There are a number of properties currently implemented. We implement existing properties from literature (mainly SQLancer), as well as bespoke properties that is specific and niche. We also have a number of properties that rely on fault injection, which is a unique feature of the simulator.

SQLancer Properties

SQLancer has a number of properties implemented for testing various database systems. We have ported some of them to the simulator, and we plan to port more in the future. The current list of ported properties is as follows:

Bespoke Properties

  • ReadYourUpdatesBack: This property is similar to InsertSelect, the main difference being we use UPDATE for changing some existing values in the database and then checking the result of the UPDATE.
  • DeleteSelect: This property is similar to ReadYourUpdatesBack, the main difference being we use DELETE for removing some existing values in the database and then checking the result of the DELETE, mainly by checking that the deleted values are not present anymore.
  • DropSelect: This is a failure property, where we drop a table and then check that any SELECT queries on the dropped table fail as expected.
  • DoubleCreateFailure: This is a failure property, where we try to create a table that already exists and check that the operation fails as expected.
  • SelectLimit: This property checks that the LIMIT clause in SELECT statements is respected by checking the cardinality of the returned results.

Shadow State Properties

These properties are invariants that check the consistency between Turso and the shadow state.

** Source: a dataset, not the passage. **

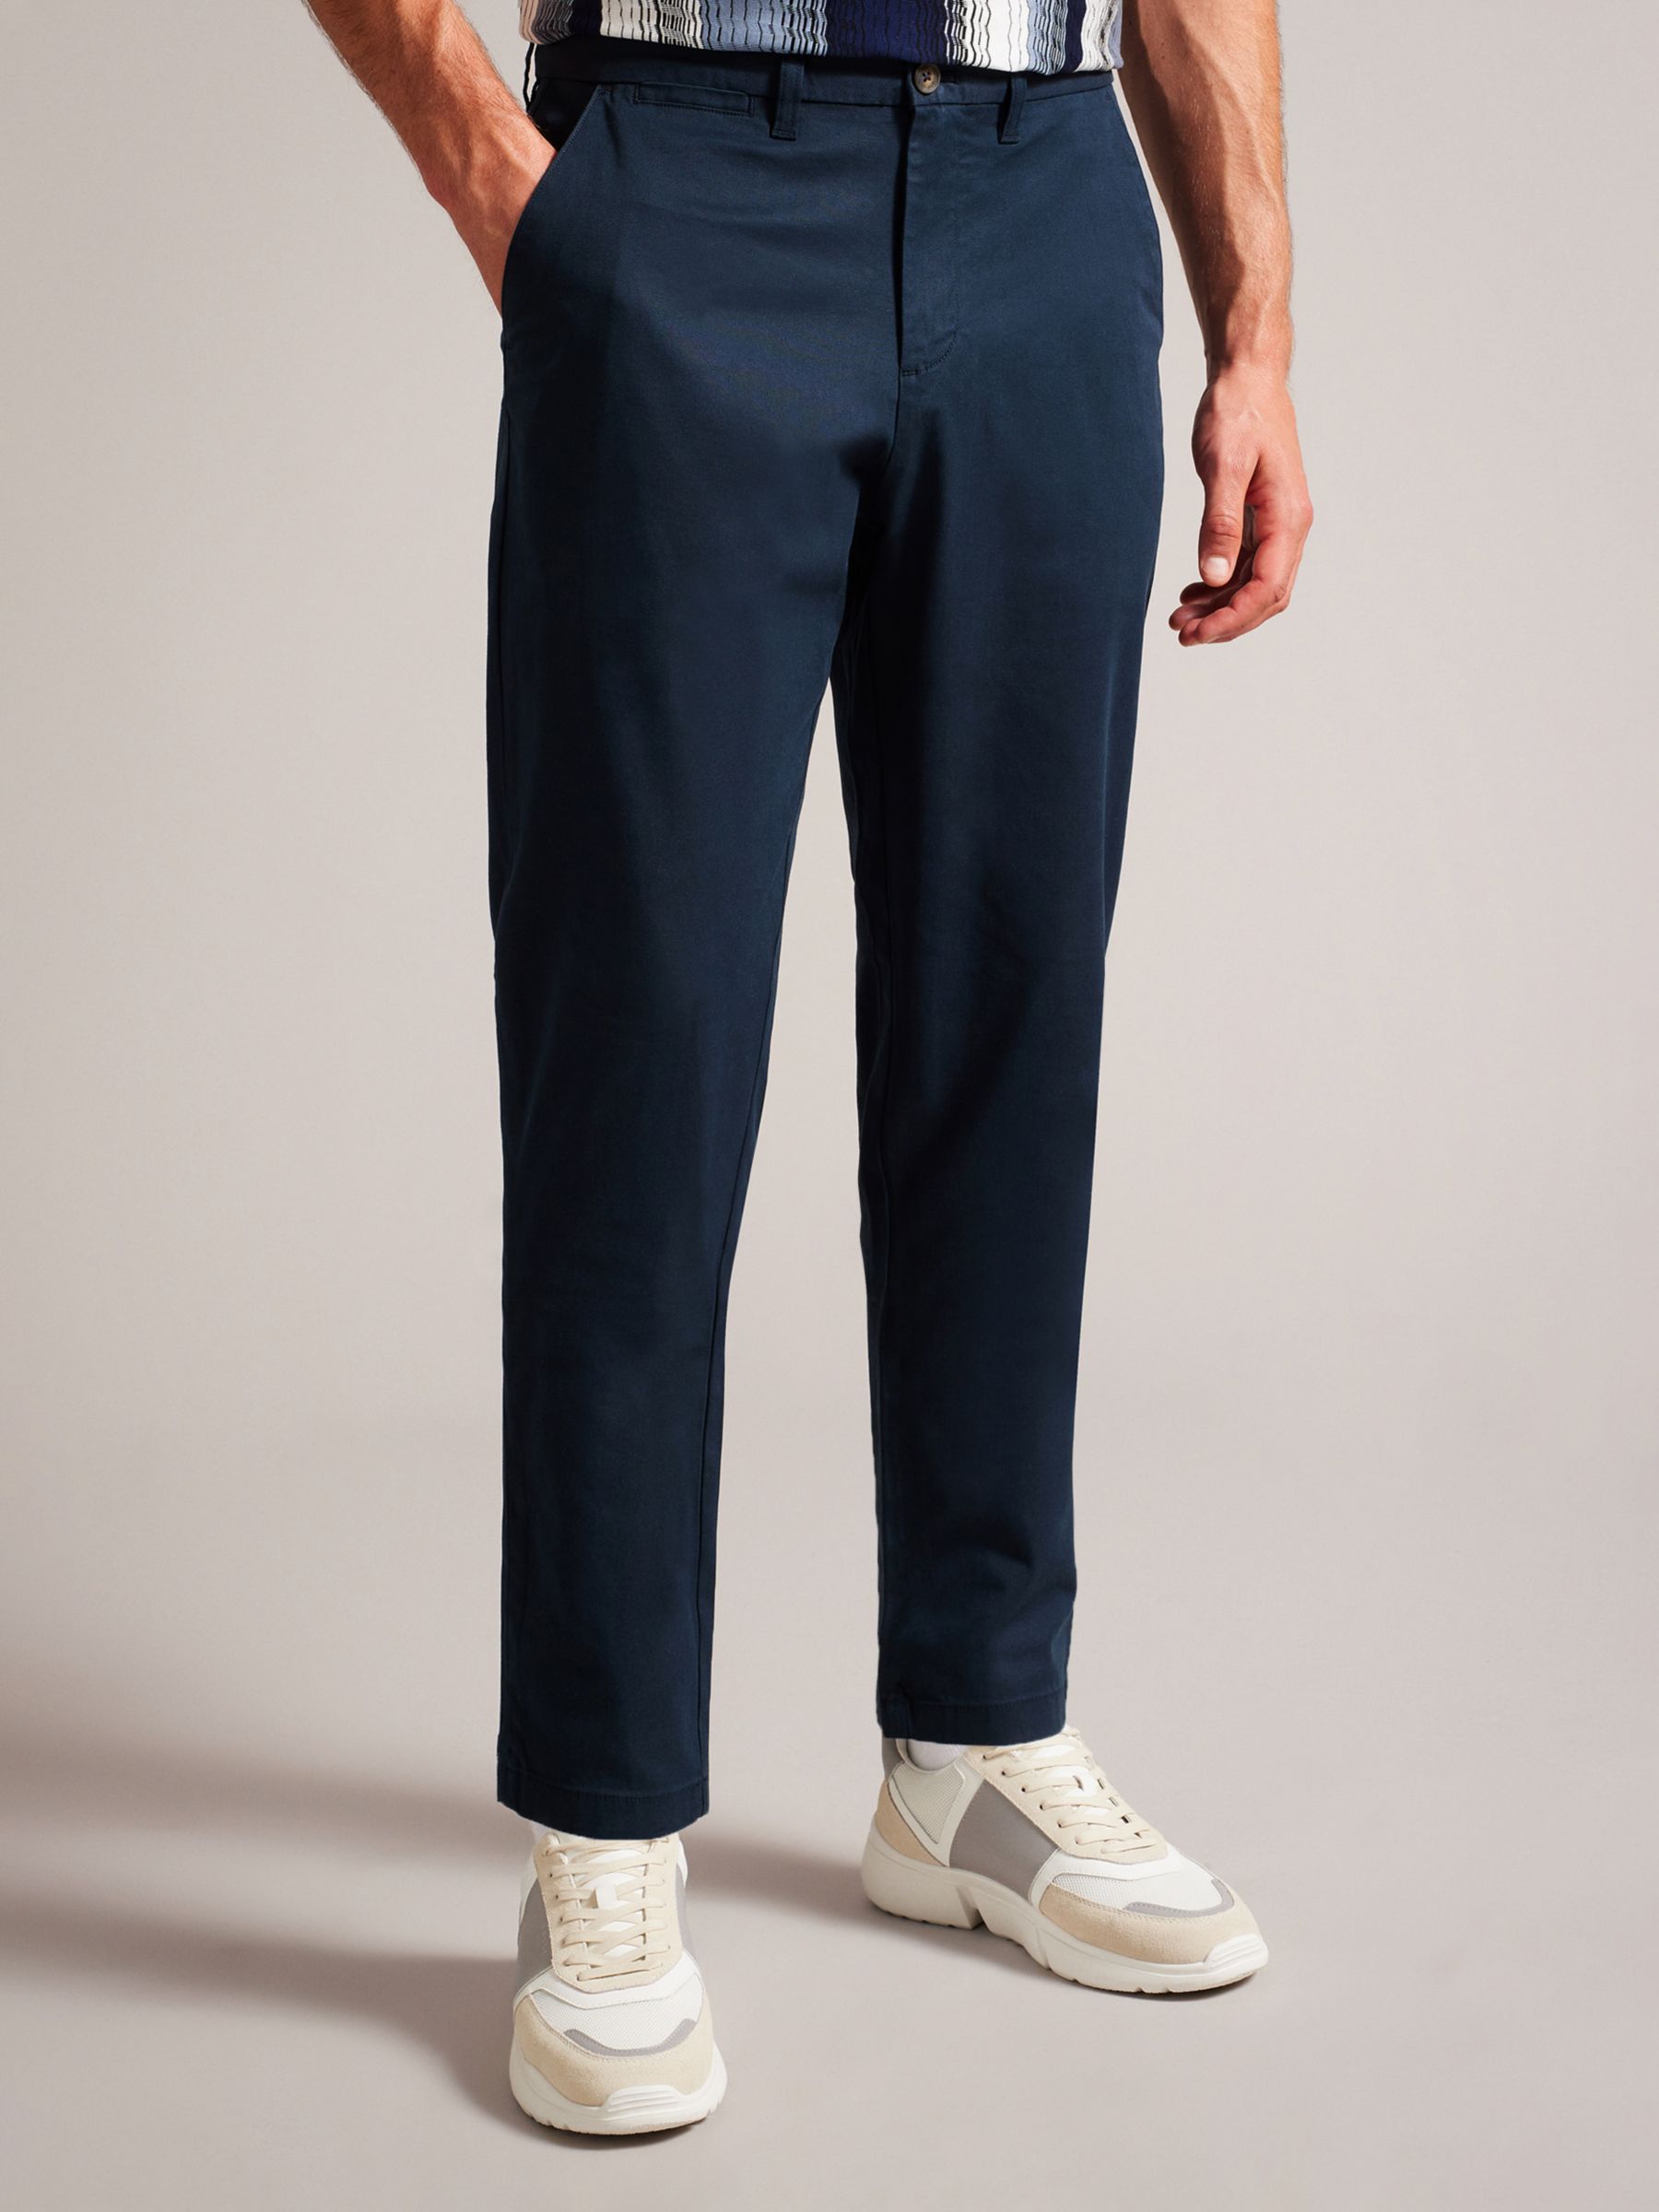 Ted Baker Haybrn Blue Navy Chino Trouser, Navy at John Lewis & Partners

  • TableHasExpectedContent: This property checks that a specific table in Turso has the same content as the shadow state.
  • AllTableHaveExpectedContent: This property checks that all tables in Turso have the same content as the shadow state.

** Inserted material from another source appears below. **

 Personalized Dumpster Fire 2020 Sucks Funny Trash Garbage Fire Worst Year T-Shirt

Fault Injection Properties

  • FsyncNoWait: TODO
  • FaultyQuery: TODO

Oracles

  • Property: The property oracle tests the properties presented above by generating random SQL statements and assertions that follow them.
  • Differential: The differential oracle tests Turso against SQLite.
  • Doublecheck: The doublecheck oracle tests Turso against itself for checking determinism across runs.
  • Oracle-based Generation: Currently, we generate regardless the oracle, but property oracle actually poses limitations compared to differential and doublecheck oracles, in those oracles we have much more freedom to generate random inputs. We must leverage this freedom.

Debugging

  • Automated Shrinking
    • Statement Removal
      • Heuristic removal
        • Removing unused tables
        • Removing all DQLs
      • Backtracking removal
    • Statement shrinking
      • Value removal
        • Removing inserted values from INSERT statements
      • Value shrinking
        • Removing parts of SQL expressions (e.g x AND y into x or y)
  • Interactive debugging (currently broken)
  • Fault localization

Fault Injection

  • TODO

Data Collection

At the moment, we collect no data from the simulator, which makes it hard to make future decisions. Some examples are:

  • Which properties are the most useful for finding bugs?
  • What are the bottlenecks of the simulator speed, how can we optimize them?
  • Which features/profiles are used, which are not, so we can focus on simplification by removing unused features or understanding why they aren't used.